Written by Lilani Goonesena.
The little piglet squeaked and squirmed before eventually falling asleep in our arms, wrapped in her knitted blanket.
Lily is the poster pig for Mt Gnomon Farm, a runt of the litter rescued by owners Guy and Eliza. She now sleeps in their bed and demands food at 2am. And she was part of the welcoming committee when we arrived on the fourth day of our Electrolux Appetite for Excellence produce tour.
It’s all about the pigs at Mt Gnomon Farm and specifically, rare heritage breeds such as Wessex Saddleback. Once a common foraging breed in England, they are now extinct in their homeland but thriving in niche Australian farms. They are placid, easy going animals that produce rich, marbled and intensely flavoursome meat.
“Wessex Saddlebacks is an older breed of pig that are slower growing and mature earlier than commercial breeds”, says Guy. “We’ve started crossing them with Duroc and Hampshire boars. The plan is to breed bigger animals and get better value with every pig”.
Guy and Eliza are a young, energetic couple who are passionate about ethical, sustainable farming. They also have a herd of Traditional Dairy Shorthorn, Scottish Highland and Belted Galloway cows, 60 Shropshire ewes, and a handful of goats and ducks.
“We’ve been smoking our own ham and bacon and making our own chorizo and sausages for six months. With our new facilities here we’re planning to experiment with different breeds, smokes and cures”, says Guy.
They envision long table lunches in summer on the outside deck and cooking classes in the kitchen. Last winter, they planted an orchard of 1000 heritage apples, pears and quinces trees. In three years’ time, they can make traditional cider.
Farm tourism is growing in popularity, particularly in England and Europe where Eliza visited last year on a Churchill Fellowship.
Next it was time to see the farm for ourselves. And to feed 400-odd hungry pigs. We donned our gumboots and tramped through the thick mud up to the pigs’ paddocks.
The pigs are fed once a day, spending the rest of the day foraging. The rich red soil here is high in aluminium and iron oxide and planted with turnip, rape, oats and natural grasses for the pigs to eat. Foraging increases muscle content and a varied diet gives the meat more flavour. Guy also wants to add some saturated fat to their diet, such as whey, eventually by milking their own Dairy Shorthorns.
While Guy distracted the increasingly vocal pigs, we slipped inside the pens and tipped big sacks of grain and bags of chestnuts into their troughs.
“There’s about a quarter of a tonne of feed daily. When it’s really wet and muddy, it can take 2½ hours.
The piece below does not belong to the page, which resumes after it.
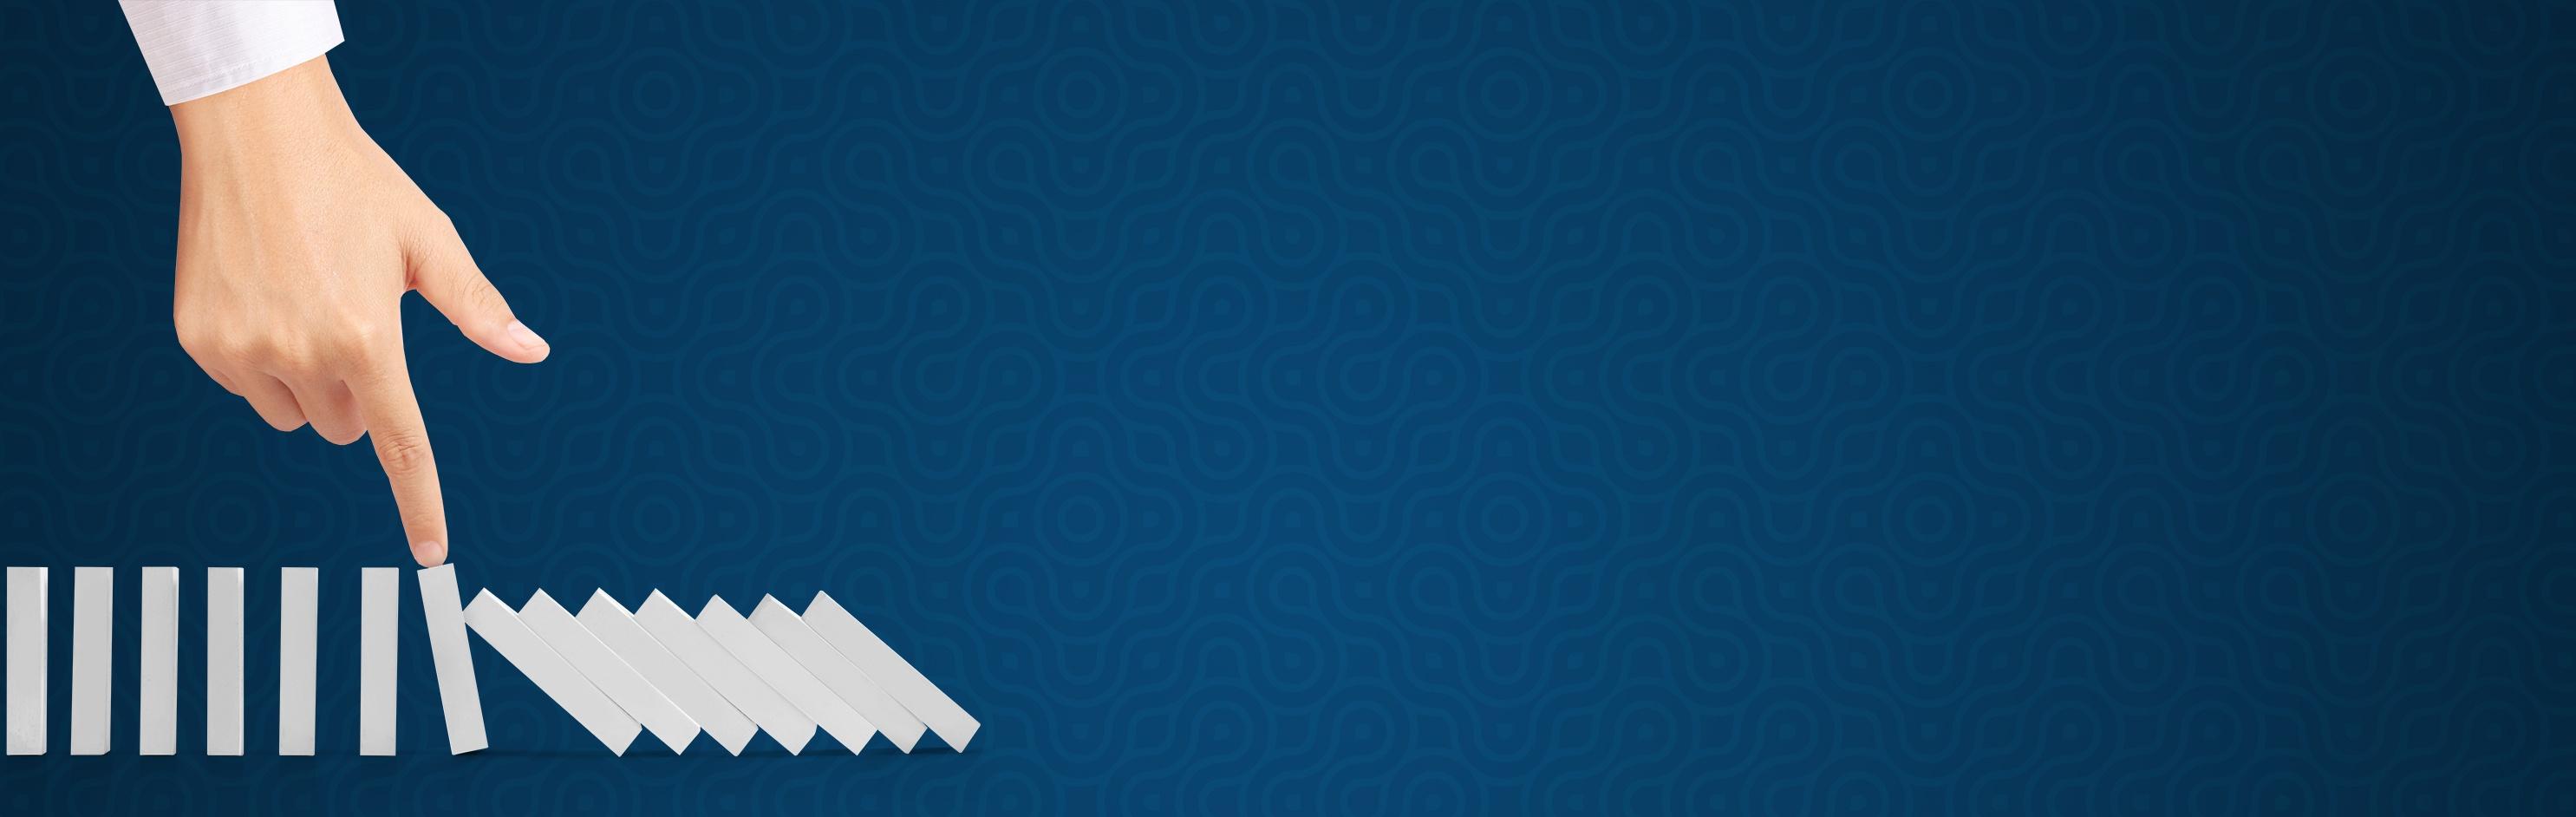 Homepage-Banner-Dominos.jpg

Feeding free range pigs is really labour intensive”, says Eliza.
Snuffling away at the troughs, they were as happy as pigs in mud. Literally.
We left them to it and squelched onto higher ground to see the cows. The shaggy-haired, big horned Scottish Highlands were impressive and we kept a safe distance.
Finally, we returned to the centre invigorated by the cold brisk air and ravenous for Eliza’s home-cooked lunch. We feasted on homemade bacon, chorizo and lentil stew, followed by pulled pork fajitas with spicy chutney, and their juicy, chunky sausages with whole fennel seeds and smoked paprika.
George Tomlin is a chef at The Town Mouse in Melbourne. For him, interacting with the pigs and seeing how they live was the most rewarding part of the day. “I think as a chef it’s really important to see where your produce is coming from. How the animals are bred and brought up, and today we got to see that”.
After lunch, we had a final cuddle with Lily, wrapped snuggly in a stripy knitted blanket and looking very much at home.